Hubris, History, Hillary, and Hysteria
The Democratic machine and mainstream media tried mightily to paint Donald Trump’s campaign as one based upon white working class anger, anxiety, and gloom. Certainly Trump’s rise was in part fueled by such feelings, especially perhaps in the so-called Rust Belt, and all campaigns by definition rely to some extent on the idea that the other side has it in for you. But Trump’s primary message was to make America great again. That slogan is not one of anger, fear or pessimism, but traditional American optimism. Hillary’s attempt to refute it, with the self-referential, flaccid, and meaningless “together with her” underscored the emptiness of her campaign and herself as a candidate. In fact, in a kind of classic case of psychological reaction formation, Hillary and her supporters much more completely embodied the negative traits they put on Trump and his.

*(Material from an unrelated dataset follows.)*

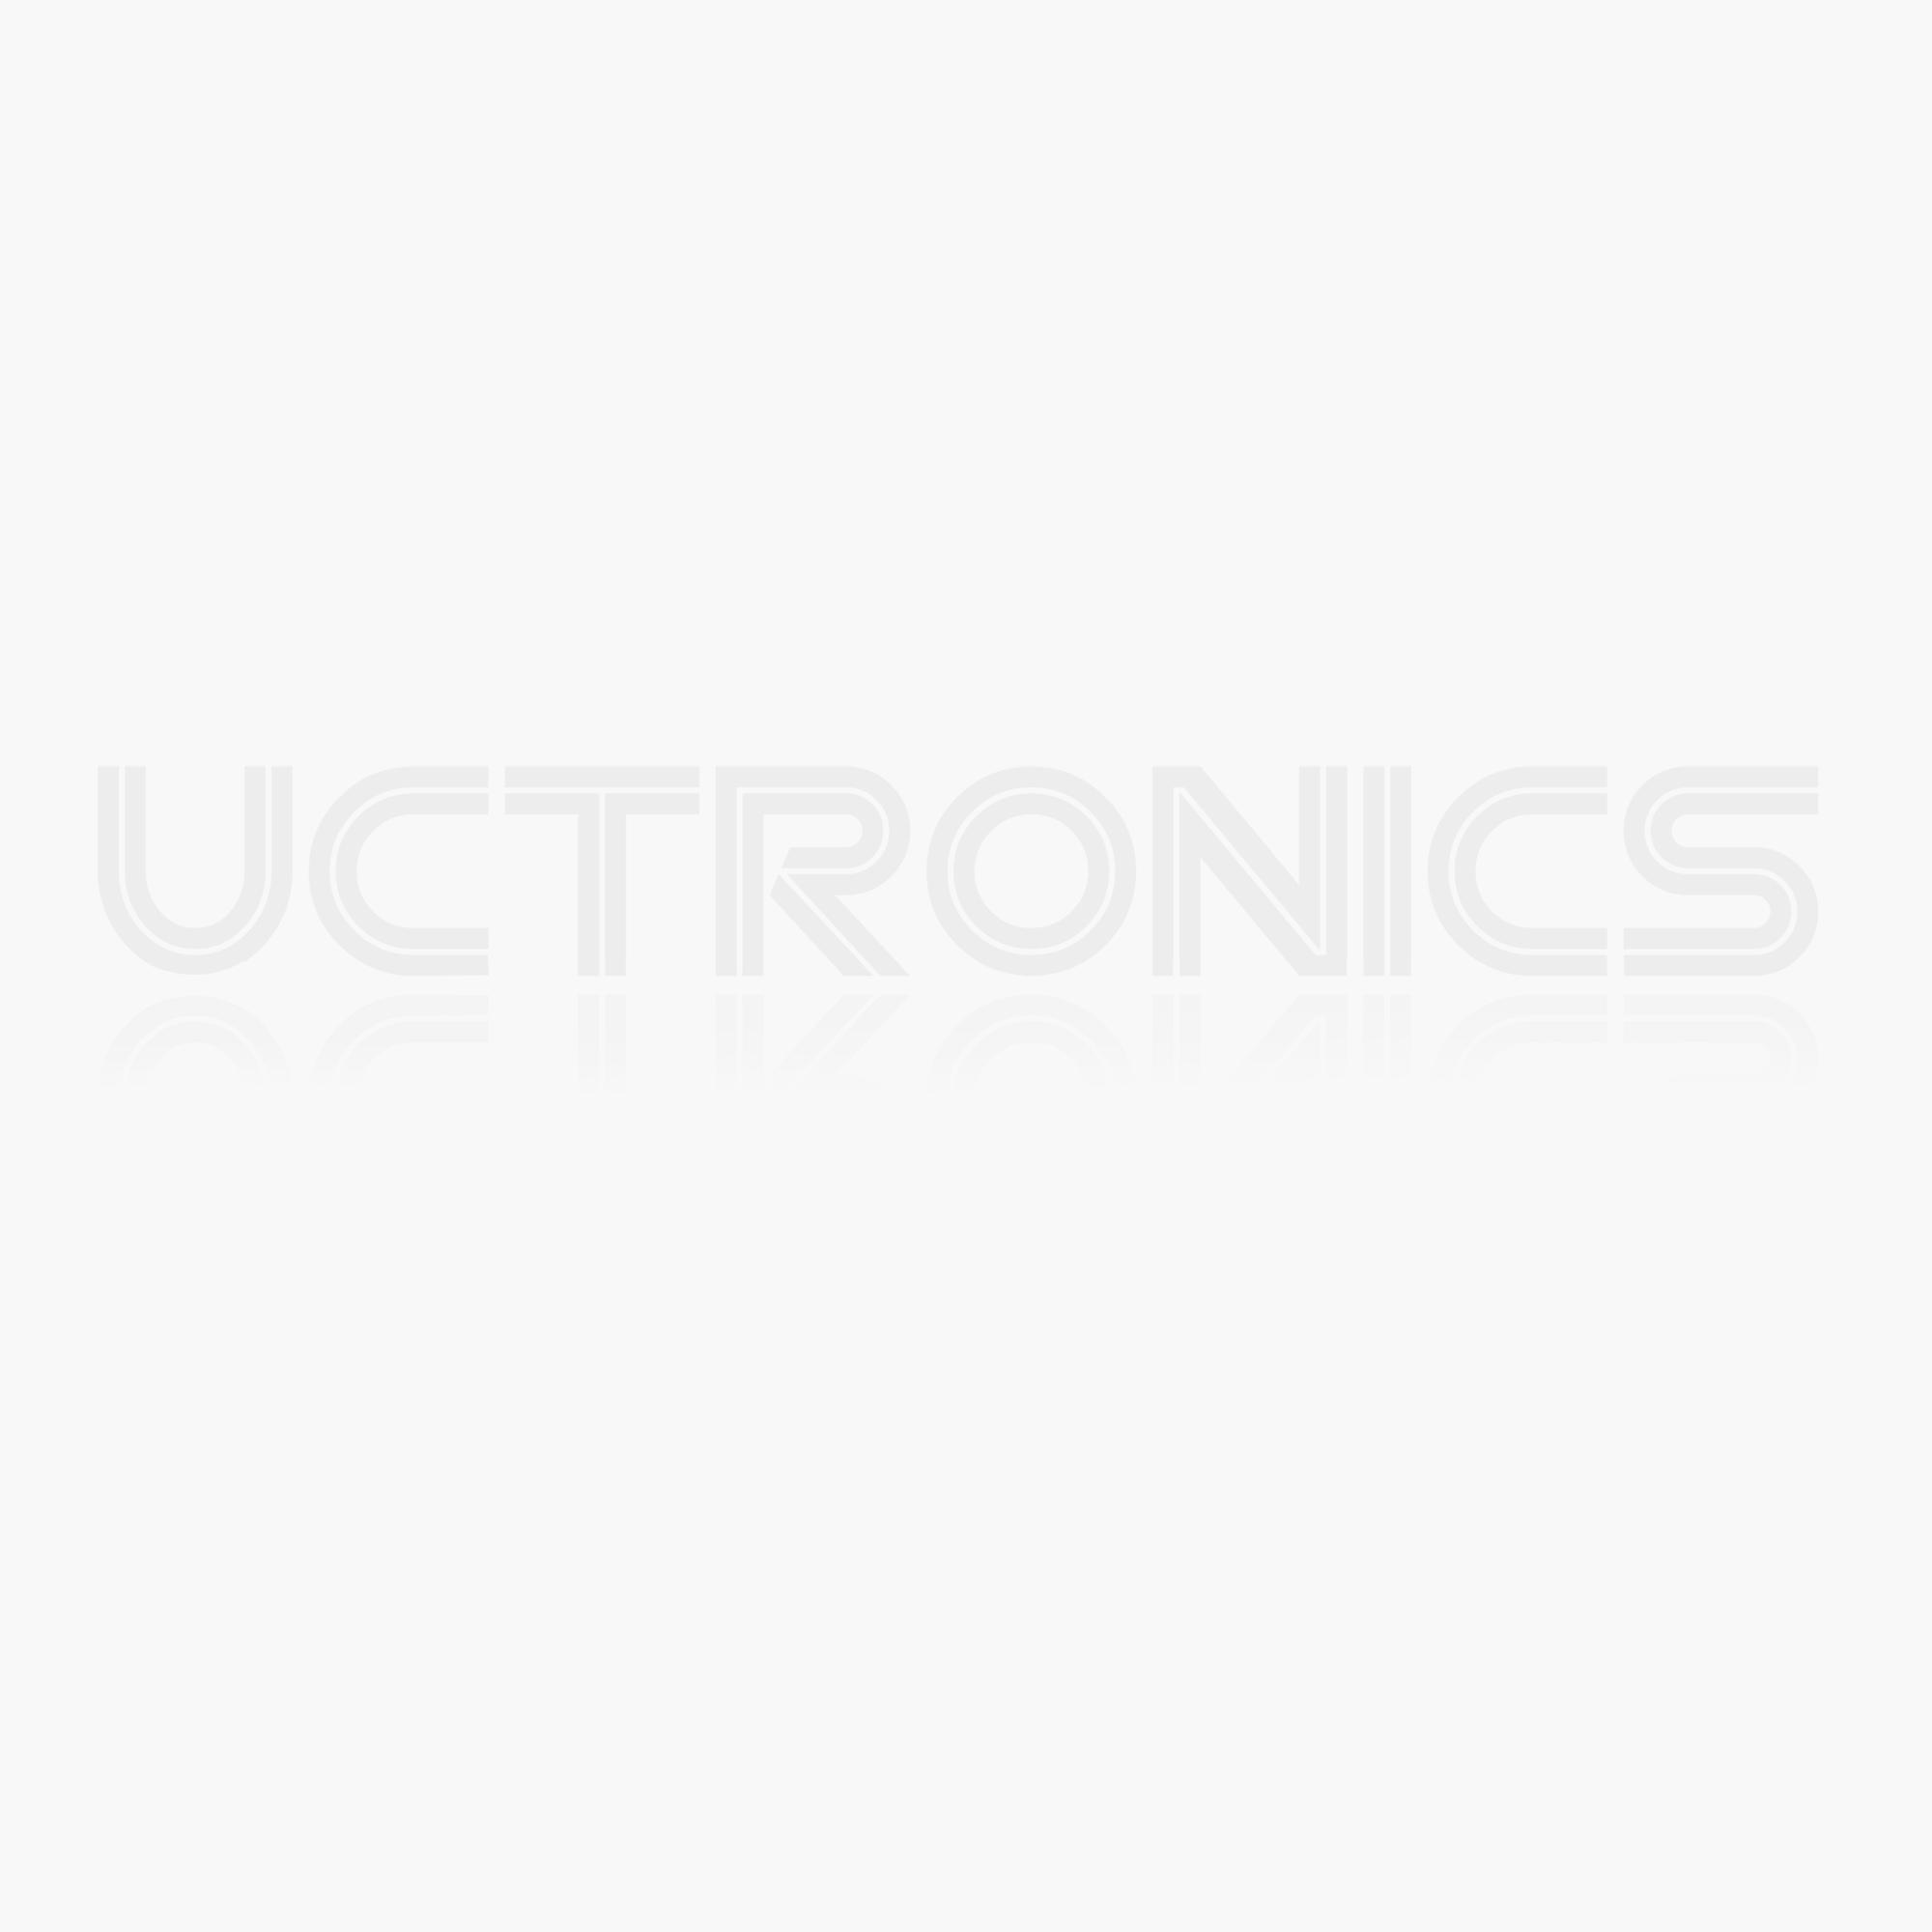 Arducam Global Shutter Camera Module for Raspberry Pi, 0.31MP Monochrome OV7251, 3 μm Pixel Size, Plugged into Native MIPI CSI-2 Port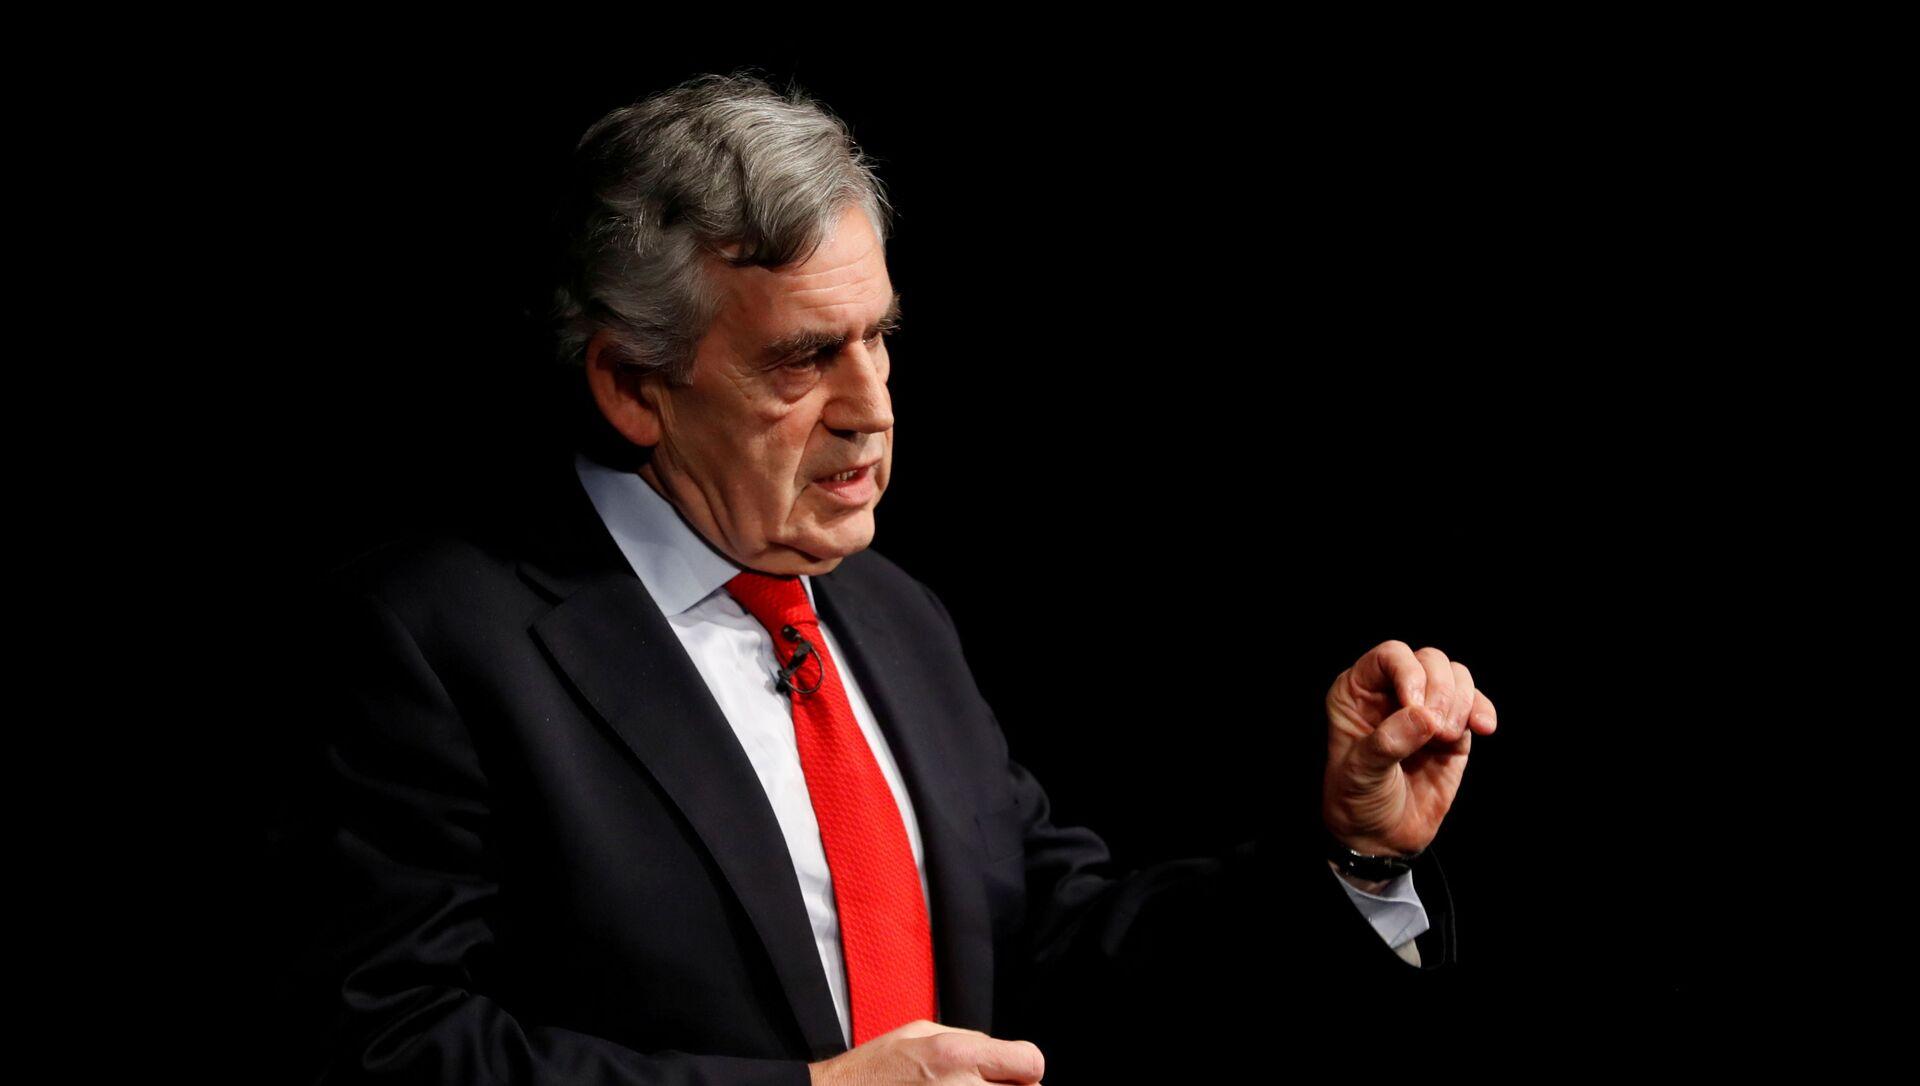 Britain's former Prime Minister Gordon Brown speaks at an event in Edinburgh, Scotland, Britain January 17, 2019 - Sputnik International, 1920, 16.08.2021

The proof of this is plain to see in the aftermath of the election. The focus of the Democratic loss is entirely on Trump, and virtually devoid of any mention or recognition of Hillary Clinton, who might have been a sock puppet whose name was not Donald Trump by the likes of those who voted for her. Hillary’s campaign was almost entirely a negative one against her opponent. She and the mainstream media that supported her cultivated an immense and irrational fear among her supporters which has seemingly descended into hysteria with Trump’s victory.
Perhaps you have to live in a deeply blue state as I do to fully comprehend the clothes-rending anguish of the defeated Democrats. They talk as if they will be rounded up, deported, enslaved, or disappeared. It is not a normal human reaction to an election setback. It is the artificial creation of the Democrats and the media who stoked popular fears and used a vulnerable public as electoral cannon fodder. Now that ordinary Dems have been metaphorically shot up, they are not bearing it stoically, but rather screaming for (soon to be repealed) ObamaCare to staunch the bleeding.
What little enthusiasm there was for Hillary arose from only two propositions – first, that unlike Trump, she (as they say in blue states) identifies as a woman; and secondly, she is not Donald Trump. On my way to the polling place Tuesday I drove through neighborhoods completely devoid of political signage. That there were no Trump signs was meaningless. He’s not very popular in the suburbs of D.C. But there were no signs for Hillary either. There was no line at the polls, with turnout more in line with a local election than a national one, much less for president. And although I live in a mostly African-American neighborhood, most of the people voting were white.
Trump divided Republicans and caused no end of debate and recrimination. But both Trump and the party overcame that divisiveness and in the end came together rhetorically, financially, and at the polls. Trump pushed the party to accept ideas that were uncomfortable, and the party pushed Trump to modify his own rhetoric, conduct, and positions.
This never happened on the Democratic side. No Democratic leaders came forward and called for Hillary to step down despite her manifest deceit and criminality. Nor did Democratic voters or the media demand it of the campaign. It was as if she wasn’t even there. Indeed, Hillary never came across as a real person, and perhaps temperamentally cannot. Her distinctive public artificiality and manifest political weaknesses made her little but a female figurehead with at famous name that her supporters believed History’s arc would propel to victory.
Bolstered by the hubristic belief that their opponents were deplorable, that Trump was a bad joke, that the Republican Party was hopelessly fractured, a lot of Democrats, thoroughly uninspired by their own candidate, sat back and let History take its inevitable course. In truth, it is the Democratic Party that is weak and fractured, along with the media establishment that largely keeps it afloat. As a result, tens of millions of confused Democratic Americans remain at sea.
Just 48 hours after the election, it’s hard to convey the atmosphere of overconfidence prevalent in Democratic precincts before the vote. In their bubble of self-reinforcing contempt for Trump and easy dismissal of Hillary’s manifold deceit and corruption, buttressed by the mainstream media and like-minded people at work or home, the actual possibility Trump’s election became at once both inconceivable and terrifying.
The result is the hysteria that quickly overcame such people Wednesday morning. Willingly brainwashed by the media and the Democratic machine to effectively ignore Hillary and loathe Trump, the outcome resulted in positively childlike displays of frustration, fear and anger. These were most evident on college campuses and Los Angeles highways, but were only slightly more quietly pervasive elsewhere.
And almost nowhere in all of this could be heard anything about Hillary Clinton, who lost the election as much as Trump won it, and whose essential absence from the election is really the most telling part. Oh, and that there is no such thing as the arc of History.